Chilling your dough before baking is key to minimizing spilling. Also, using caramel baking pieces designed for cookies helps them maintain shape better without melting excessively.
Can this recipe be adapted to be dairy-free?
You can substitute the butter with a vegan butter alternative and use dairy-free chocolate chunks. Be sure to check the caramel pieces’ ingredients or find vegan caramel substitutes for the best results.
Final Thoughts
This Salted Caramel Chocolate Chunk Cookies Recipe really brings the best of both worlds—sweet and salty, gooey and crunchy, simple ingredients transformed into pure cookie bliss. I can’t wait for you to try baking these at home and making them part of your favorite dessert rotation. Trust me, these cookies have a way of stealing hearts, one irresistible bite at a time!
Print
Salted Caramel Chocolate Chunk Cookies Recipe
- Prep Time: 10 minutes
- Cook Time: 14 minutes
- Total Time: 24 minutes plus 30 minutes chilling
- Yield: 24 cookies
- Category: Dessert
- Method: Baking
- Cuisine: American
Description
Delight in the perfect balance of sweet and salty with these Salted Caramel Chocolate Chunk Cookies. Soft and chewy cookies loaded with rich dark chocolate chunks and gooey caramel baking pieces, finished with a touch of flaky sea salt for that irresistible flavor combination.
Ingredients
Dry Ingredients
- 1 1/2 cups all-purpose flour
- 1/2 teaspoon baking soda
Wet Ingredients
- 1/2 cup unsalted butter, softened
- 1/2 cup brown sugar
- 1/4 cup granulated sugar
- 2 teaspoons pure vanilla extract
- 1 large egg
Mix-ins and Toppings
- 2 cups dark chocolate chunks
- 1 1/2 cups caramel baking pieces (divided: 1 cup for dough, 1/2 cup extra)
- Flaked sea salt, for topping
Instructions
- Preheat Oven and Prepare Baking Sheet: Preheat your oven to 350°F (175°C). Line a baking sheet with parchment paper to prevent sticking.
- Combine Dry Ingredients: In a small bowl, whisk together the flour and baking soda until evenly combined, ensuring even leavening.
- Cream Butter and Sugars: Using a stand mixer, beat the softened unsalted butter with brown sugar and granulated sugar until the mixture is creamy and fluffy, which helps incorporate air for texture.
- Add Vanilla and Egg: Beat in the pure vanilla extract and large egg until fully combined, creating a smooth batter base.

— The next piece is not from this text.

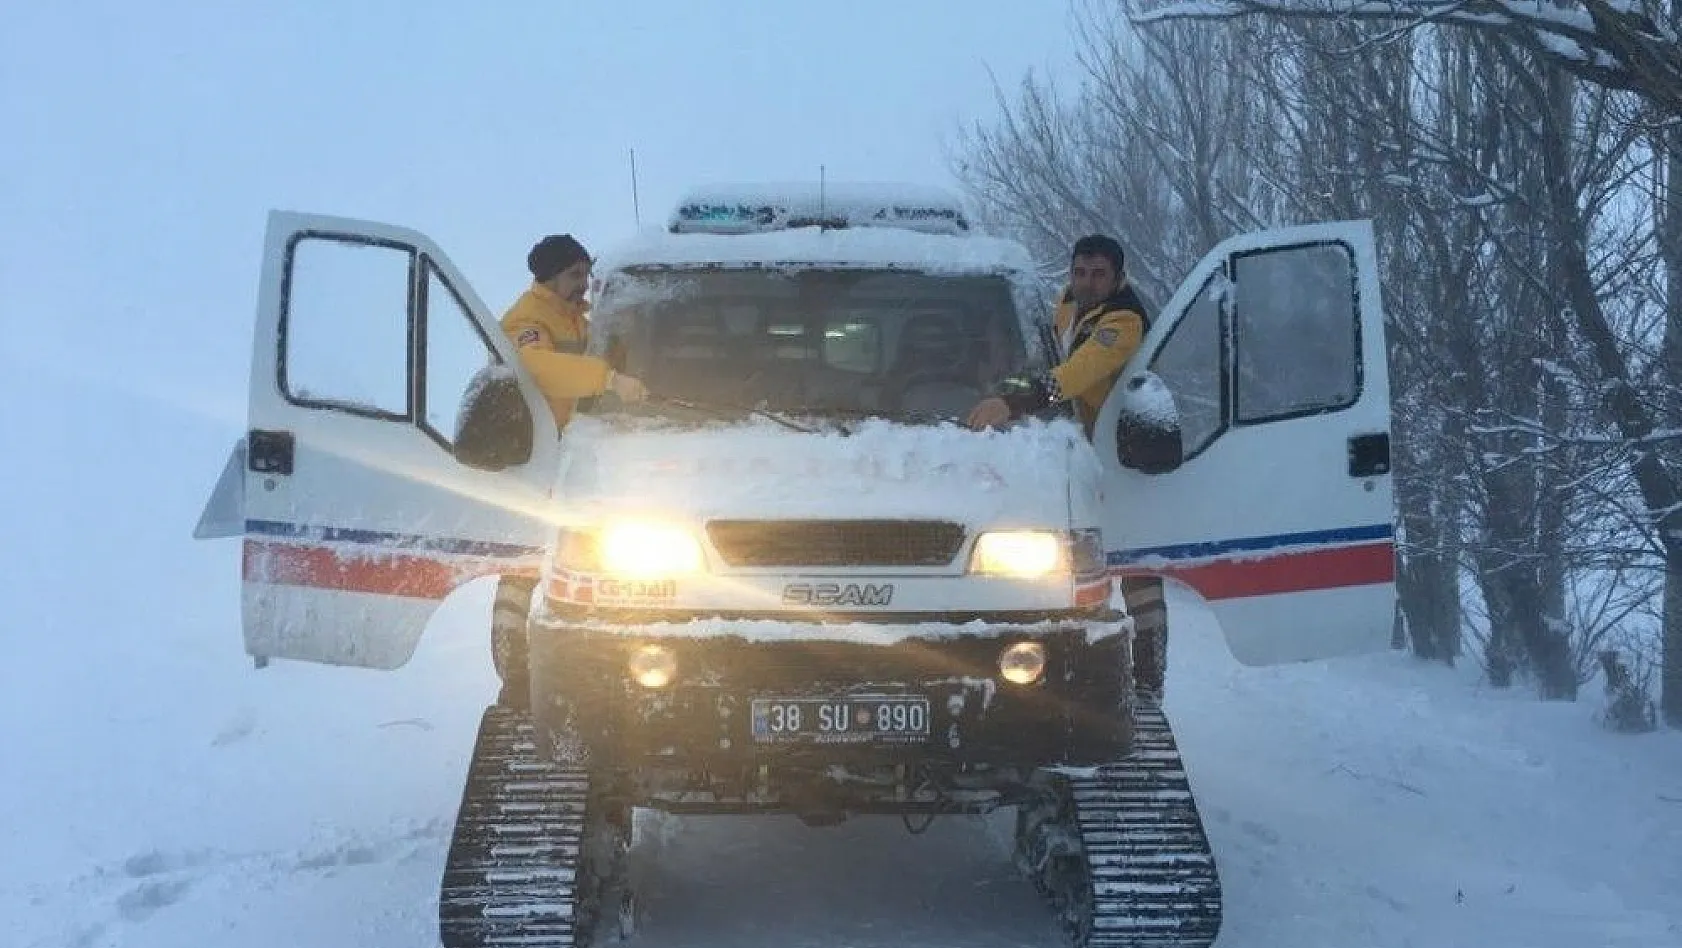 112 ekipleri yoğun kar yağışı altında hastaların çağrısına paletli ambulansla ulaştı

- Incorporate Dry Ingredients: Gradually add the flour mixture to the wet ingredients on low speed. Mix just until the dough forms to avoid overdeveloping the gluten, which could toughen the cookies.

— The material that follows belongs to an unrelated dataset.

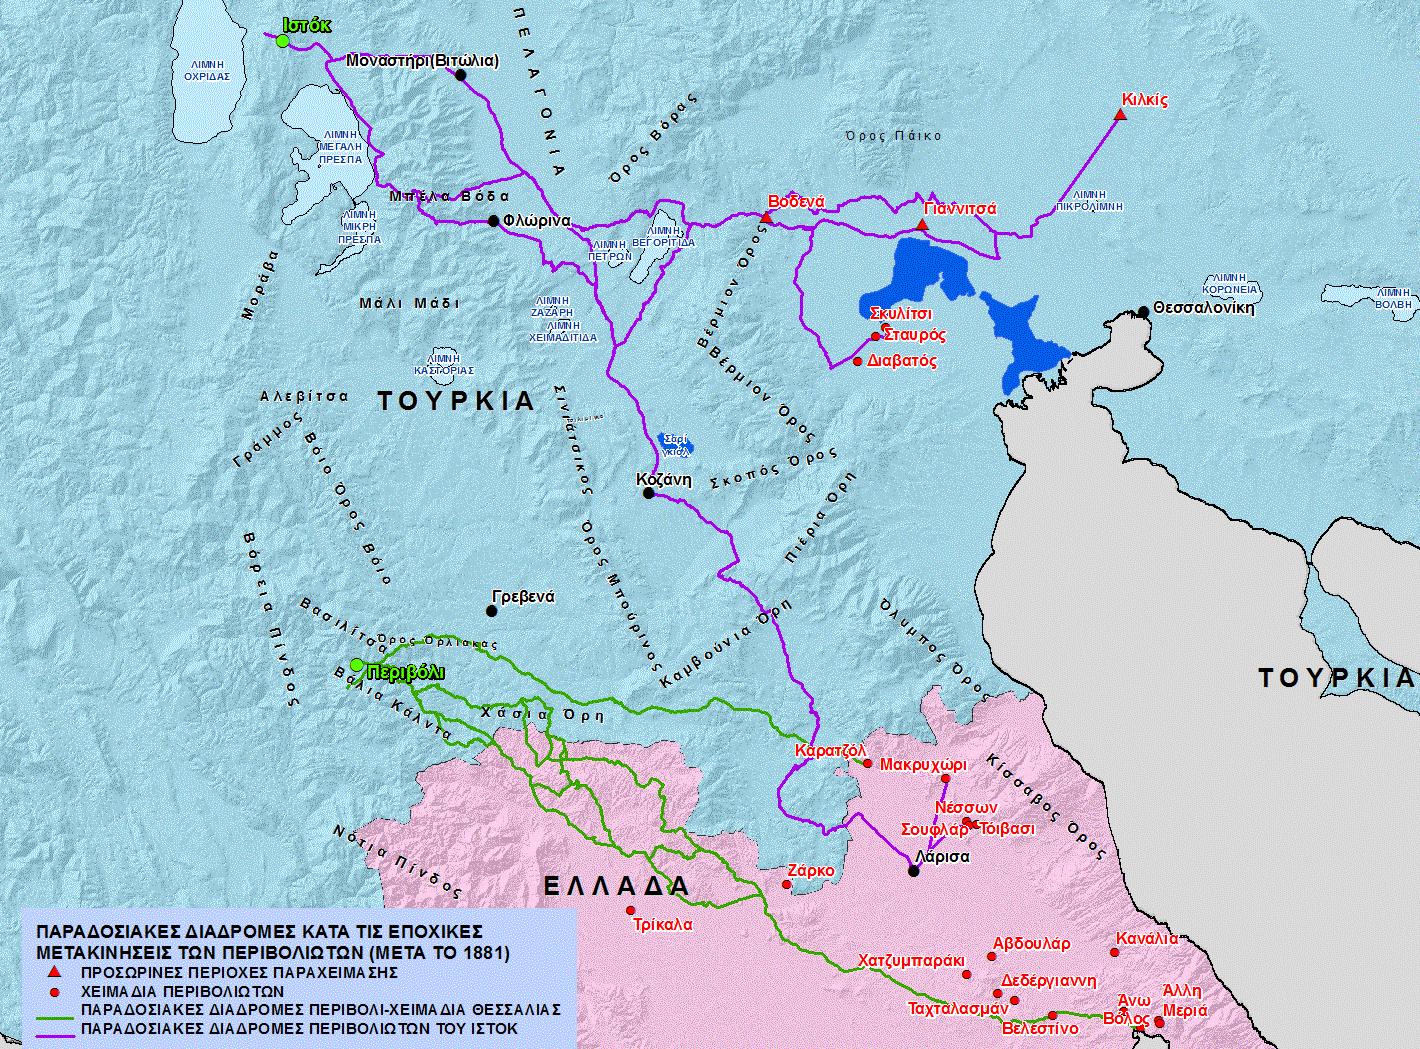 Χάρτης 6. Οι παραδοσιακές διαδρομές των Περιβολιωτών από το Περιβόλι και το Ιστόκ προς τα χειμαδιά της Θεσσαλίας και της Κεντρικής Μακεδονίας, μετά το 1881 και πριν από το 1912 [κλίμακα 1:750,000].

- Fold in Chocolate and Caramel: Gently fold in 1 1/2 cups of dark chocolate chunks and 1 cup of caramel baking pieces evenly throughout the dough for pockets of sweetness.

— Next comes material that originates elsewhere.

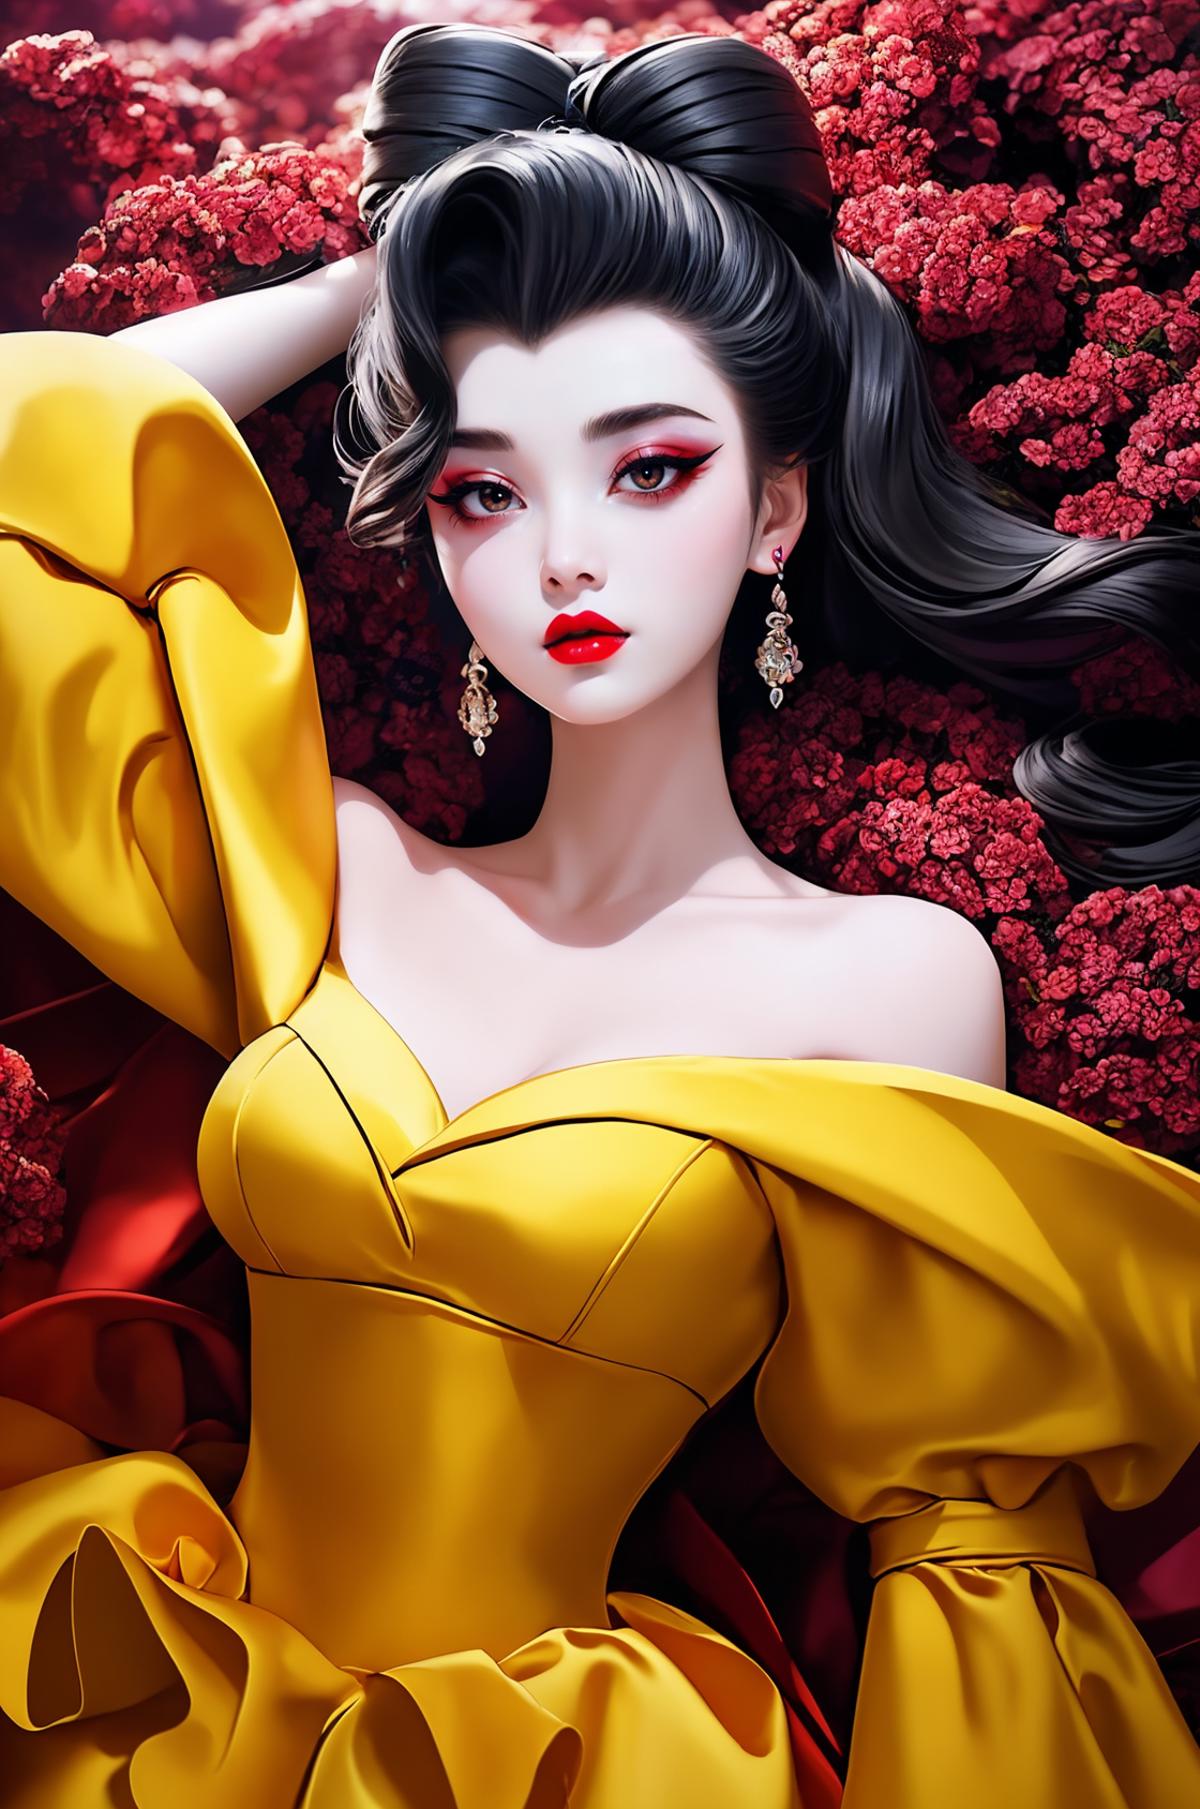 Geisha Makeup image by headupdef

- Chill the Dough: Place the dough and the mixing bowl in the freezer for 30 minutes to firm up. This helps the cookies hold their shape during baking and prevents excessive spreading.
- Scoop Dough onto Baking Sheet: Using a medium ice cream scoop, portion the chilled dough onto the prepared baking sheet, spacing cookies adequately for even baking.
- Bake Cookies: Bake in the preheated oven for 13 to 15 minutes, or until the edges are lightly browned and the centers are set but still soft.
- Add Sea Salt Topping: As soon as the cookies come out of the oven, sprinkle flaky sea salt over the tops to enhance the salted caramel flavor.
- Cool and Repeat: Allow cookies to cool on the baking sheet for a few minutes before transferring them to a wire rack to cool completely. Bake remaining dough in batches as needed.
- Serve and Enjoy: Once cooled, serve these irresistible salted caramel chocolate chunk cookies and enjoy the perfect sweet-salty treat.
Notes
- Chilling the dough is essential to prevent the cookies from spreading too much during baking.
- Use good quality dark chocolate chunks for the best flavor and texture contrast.
- Flaky sea salt enhances the caramel and chocolate flavors—do not omit.
- Store cookies in an airtight container at room temperature for up to 5 days or freeze for longer storage.
- For softer cookies, slightly underbake by reducing cooking time by 1-2 minutes.